■ Work instruction: Return the following from the records below: each line, word for word, starting with the line that contains "Pattu Pavadai Baby" and going on through the line that contains "Оригинальный браслетик xuping", with nothing outside that range.

(Records from a data source)

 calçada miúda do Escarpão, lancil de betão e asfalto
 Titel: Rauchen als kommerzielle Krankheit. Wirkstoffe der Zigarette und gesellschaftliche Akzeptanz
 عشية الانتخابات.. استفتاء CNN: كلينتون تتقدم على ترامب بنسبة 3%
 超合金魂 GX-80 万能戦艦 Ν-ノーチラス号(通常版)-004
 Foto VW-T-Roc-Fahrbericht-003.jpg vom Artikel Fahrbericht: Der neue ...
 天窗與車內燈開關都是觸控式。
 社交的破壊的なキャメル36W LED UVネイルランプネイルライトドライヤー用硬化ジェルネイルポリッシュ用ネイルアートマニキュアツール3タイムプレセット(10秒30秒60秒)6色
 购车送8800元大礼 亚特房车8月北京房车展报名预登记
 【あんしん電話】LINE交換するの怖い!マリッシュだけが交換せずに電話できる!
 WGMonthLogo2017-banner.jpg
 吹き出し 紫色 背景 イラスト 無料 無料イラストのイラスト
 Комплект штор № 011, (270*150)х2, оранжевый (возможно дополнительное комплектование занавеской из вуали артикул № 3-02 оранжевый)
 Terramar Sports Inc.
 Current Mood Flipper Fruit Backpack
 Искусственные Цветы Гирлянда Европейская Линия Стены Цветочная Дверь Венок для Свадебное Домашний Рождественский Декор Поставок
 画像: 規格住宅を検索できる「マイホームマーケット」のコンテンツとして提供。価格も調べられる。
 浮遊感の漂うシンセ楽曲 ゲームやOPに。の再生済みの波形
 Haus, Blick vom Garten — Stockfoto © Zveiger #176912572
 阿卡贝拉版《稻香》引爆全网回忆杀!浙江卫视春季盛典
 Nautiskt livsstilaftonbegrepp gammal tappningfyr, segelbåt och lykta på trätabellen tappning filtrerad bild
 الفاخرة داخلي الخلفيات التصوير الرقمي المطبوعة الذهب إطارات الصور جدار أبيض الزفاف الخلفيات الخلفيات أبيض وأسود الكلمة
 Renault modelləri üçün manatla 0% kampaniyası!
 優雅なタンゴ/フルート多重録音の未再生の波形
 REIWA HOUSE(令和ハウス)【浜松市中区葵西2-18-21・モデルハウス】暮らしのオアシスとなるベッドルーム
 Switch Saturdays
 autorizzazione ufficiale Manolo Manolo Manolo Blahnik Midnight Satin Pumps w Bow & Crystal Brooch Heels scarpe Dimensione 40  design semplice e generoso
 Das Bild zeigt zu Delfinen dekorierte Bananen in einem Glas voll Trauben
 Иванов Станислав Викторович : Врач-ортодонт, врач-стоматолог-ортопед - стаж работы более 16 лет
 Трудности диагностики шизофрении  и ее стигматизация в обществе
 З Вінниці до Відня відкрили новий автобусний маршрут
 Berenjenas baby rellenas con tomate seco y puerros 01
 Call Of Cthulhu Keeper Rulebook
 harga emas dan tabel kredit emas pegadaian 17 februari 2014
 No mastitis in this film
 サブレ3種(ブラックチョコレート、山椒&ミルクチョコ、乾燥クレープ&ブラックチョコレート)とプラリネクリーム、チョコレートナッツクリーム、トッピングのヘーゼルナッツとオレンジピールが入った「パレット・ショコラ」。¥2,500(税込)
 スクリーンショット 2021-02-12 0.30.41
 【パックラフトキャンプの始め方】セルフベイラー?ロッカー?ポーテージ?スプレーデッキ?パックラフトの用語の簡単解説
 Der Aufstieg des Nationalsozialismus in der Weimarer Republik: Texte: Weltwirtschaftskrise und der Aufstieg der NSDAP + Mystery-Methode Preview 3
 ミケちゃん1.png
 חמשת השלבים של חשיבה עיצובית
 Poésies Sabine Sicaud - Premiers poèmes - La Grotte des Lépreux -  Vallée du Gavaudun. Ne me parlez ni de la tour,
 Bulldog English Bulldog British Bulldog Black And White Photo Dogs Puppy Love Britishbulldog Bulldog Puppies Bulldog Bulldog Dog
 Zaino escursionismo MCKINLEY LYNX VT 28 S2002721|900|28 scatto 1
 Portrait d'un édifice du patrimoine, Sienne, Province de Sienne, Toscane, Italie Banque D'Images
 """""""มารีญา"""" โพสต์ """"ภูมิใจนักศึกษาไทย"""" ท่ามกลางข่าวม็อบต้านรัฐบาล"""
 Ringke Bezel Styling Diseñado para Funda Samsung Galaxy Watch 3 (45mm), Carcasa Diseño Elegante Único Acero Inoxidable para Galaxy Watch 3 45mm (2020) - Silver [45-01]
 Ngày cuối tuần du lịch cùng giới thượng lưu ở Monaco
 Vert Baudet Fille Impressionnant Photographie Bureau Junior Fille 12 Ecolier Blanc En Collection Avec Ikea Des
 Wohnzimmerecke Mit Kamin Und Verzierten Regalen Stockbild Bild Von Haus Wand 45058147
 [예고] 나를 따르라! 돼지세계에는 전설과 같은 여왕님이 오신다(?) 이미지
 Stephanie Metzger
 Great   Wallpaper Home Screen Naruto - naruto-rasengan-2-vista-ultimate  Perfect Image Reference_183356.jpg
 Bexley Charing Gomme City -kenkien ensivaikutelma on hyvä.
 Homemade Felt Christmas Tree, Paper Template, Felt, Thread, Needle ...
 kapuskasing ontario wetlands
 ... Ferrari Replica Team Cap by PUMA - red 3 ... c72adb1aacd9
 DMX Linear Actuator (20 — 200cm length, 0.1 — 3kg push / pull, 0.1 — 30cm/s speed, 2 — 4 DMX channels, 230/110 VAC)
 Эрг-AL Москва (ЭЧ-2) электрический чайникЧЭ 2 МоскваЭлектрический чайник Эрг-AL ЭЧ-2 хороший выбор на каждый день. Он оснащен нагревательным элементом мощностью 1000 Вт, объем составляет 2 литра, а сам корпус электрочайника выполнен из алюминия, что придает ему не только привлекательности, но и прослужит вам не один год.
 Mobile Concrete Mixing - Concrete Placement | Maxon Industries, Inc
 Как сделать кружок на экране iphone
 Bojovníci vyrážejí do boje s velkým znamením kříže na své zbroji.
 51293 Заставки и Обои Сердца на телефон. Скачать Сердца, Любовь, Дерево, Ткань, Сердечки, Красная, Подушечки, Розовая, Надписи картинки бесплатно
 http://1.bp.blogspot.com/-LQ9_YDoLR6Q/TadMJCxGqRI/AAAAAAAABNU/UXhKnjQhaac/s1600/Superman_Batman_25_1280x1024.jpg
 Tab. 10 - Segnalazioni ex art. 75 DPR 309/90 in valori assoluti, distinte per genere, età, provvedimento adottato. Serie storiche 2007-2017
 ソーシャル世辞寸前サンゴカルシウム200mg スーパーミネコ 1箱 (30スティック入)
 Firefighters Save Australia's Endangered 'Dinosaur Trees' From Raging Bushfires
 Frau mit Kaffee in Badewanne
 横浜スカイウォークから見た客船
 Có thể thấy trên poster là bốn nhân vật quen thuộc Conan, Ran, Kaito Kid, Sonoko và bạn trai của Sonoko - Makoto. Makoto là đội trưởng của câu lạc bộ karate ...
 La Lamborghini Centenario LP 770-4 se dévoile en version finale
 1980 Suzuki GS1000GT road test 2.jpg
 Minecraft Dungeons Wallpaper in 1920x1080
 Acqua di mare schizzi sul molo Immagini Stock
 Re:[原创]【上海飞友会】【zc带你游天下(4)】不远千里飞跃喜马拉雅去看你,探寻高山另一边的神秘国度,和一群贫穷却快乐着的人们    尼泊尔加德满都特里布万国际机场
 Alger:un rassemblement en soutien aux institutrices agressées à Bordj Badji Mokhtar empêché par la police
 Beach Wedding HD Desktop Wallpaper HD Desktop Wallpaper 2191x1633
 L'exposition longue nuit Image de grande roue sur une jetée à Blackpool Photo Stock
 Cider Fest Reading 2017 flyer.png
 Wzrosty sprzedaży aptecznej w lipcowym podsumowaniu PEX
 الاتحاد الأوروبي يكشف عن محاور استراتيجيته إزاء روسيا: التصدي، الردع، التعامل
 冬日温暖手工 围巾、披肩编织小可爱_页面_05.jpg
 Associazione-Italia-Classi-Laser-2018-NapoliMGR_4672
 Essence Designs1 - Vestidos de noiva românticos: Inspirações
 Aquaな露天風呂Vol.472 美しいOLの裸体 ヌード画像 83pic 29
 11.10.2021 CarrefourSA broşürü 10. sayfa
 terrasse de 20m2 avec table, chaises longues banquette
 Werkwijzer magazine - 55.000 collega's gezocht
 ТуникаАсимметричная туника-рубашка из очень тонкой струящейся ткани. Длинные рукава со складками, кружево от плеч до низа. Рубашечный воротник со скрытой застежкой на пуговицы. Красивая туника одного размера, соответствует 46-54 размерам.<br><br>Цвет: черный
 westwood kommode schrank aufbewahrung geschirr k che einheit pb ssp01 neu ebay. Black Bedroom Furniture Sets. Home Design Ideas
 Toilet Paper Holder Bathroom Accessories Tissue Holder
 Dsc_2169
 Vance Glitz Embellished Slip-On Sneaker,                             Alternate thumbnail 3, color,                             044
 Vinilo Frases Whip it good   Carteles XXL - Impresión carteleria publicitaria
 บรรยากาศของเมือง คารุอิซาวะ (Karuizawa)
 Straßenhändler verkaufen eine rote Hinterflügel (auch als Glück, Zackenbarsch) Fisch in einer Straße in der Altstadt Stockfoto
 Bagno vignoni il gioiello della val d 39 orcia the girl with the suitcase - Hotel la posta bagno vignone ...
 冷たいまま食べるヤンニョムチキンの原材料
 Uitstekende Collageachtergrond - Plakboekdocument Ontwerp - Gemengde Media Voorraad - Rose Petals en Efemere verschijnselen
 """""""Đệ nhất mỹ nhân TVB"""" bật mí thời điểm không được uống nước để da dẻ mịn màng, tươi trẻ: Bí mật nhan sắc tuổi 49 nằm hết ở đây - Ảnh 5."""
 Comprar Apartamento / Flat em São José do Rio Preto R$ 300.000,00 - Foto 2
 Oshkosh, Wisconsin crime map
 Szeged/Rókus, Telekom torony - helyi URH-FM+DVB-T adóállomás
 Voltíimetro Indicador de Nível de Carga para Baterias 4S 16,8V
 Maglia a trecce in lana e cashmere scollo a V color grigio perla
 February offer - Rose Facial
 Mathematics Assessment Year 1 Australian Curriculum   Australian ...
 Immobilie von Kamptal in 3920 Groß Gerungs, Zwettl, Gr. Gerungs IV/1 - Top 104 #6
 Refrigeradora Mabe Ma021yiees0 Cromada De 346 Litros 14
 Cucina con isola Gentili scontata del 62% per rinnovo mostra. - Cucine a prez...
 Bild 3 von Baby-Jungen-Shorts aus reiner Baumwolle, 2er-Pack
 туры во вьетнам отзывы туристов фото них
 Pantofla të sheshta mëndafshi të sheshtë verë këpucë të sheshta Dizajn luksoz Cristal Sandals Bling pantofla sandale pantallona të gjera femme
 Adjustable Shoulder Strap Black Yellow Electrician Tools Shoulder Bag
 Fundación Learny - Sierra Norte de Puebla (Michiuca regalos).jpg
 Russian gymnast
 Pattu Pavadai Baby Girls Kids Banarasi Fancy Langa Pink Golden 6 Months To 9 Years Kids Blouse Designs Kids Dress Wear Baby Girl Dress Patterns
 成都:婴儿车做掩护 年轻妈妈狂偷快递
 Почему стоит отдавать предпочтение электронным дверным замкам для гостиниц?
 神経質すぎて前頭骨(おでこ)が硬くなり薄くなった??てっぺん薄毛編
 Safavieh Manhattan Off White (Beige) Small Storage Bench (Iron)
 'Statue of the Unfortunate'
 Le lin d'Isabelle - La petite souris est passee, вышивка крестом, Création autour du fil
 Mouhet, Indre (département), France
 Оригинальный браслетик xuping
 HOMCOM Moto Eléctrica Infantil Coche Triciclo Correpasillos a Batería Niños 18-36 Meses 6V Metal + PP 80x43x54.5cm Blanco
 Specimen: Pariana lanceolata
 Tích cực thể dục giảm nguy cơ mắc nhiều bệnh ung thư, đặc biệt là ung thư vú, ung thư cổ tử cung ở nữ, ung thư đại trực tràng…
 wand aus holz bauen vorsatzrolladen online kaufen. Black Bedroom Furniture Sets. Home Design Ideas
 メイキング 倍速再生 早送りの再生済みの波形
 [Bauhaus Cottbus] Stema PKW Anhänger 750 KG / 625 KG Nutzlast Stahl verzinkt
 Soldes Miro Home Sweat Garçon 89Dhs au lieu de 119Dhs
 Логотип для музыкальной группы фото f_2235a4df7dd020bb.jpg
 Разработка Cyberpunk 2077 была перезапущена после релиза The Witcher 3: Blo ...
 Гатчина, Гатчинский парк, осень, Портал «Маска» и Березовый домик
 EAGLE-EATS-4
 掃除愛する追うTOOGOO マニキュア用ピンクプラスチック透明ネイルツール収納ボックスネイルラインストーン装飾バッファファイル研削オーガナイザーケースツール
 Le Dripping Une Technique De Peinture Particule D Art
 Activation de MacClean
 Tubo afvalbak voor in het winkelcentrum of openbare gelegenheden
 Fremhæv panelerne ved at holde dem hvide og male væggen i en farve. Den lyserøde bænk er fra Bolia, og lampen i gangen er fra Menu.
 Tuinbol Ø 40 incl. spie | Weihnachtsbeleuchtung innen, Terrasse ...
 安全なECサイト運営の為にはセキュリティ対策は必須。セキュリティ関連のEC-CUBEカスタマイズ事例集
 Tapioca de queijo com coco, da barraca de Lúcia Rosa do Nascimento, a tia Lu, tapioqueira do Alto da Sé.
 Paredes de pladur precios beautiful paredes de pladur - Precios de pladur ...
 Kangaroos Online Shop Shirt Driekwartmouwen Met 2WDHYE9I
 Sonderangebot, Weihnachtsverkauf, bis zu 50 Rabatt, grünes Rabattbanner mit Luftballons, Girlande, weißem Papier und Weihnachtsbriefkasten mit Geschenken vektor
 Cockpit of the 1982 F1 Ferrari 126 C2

■ Your response:
 Pattu Pavadai Baby Girls Kids Banarasi Fancy Langa Pink Golden 6 Months To 9 Years Kids Blouse Designs Kids Dress Wear Baby Girl Dress Patterns
 成都:婴儿车做掩护 年轻妈妈狂偷快递
 Почему стоит отдавать предпочтение электронным дверным замкам для гостиниц?
 神経質すぎて前頭骨(おでこ)が硬くなり薄くなった??てっぺん薄毛編
 Safavieh Manhattan Off White (Beige) Small Storage Bench (Iron)
 'Statue of the Unfortunate'
 Le lin d'Isabelle - La petite souris est passee, вышивка крестом, Création autour du fil
 Mouhet, Indre (département), France
 Оригинальный браслетик xuping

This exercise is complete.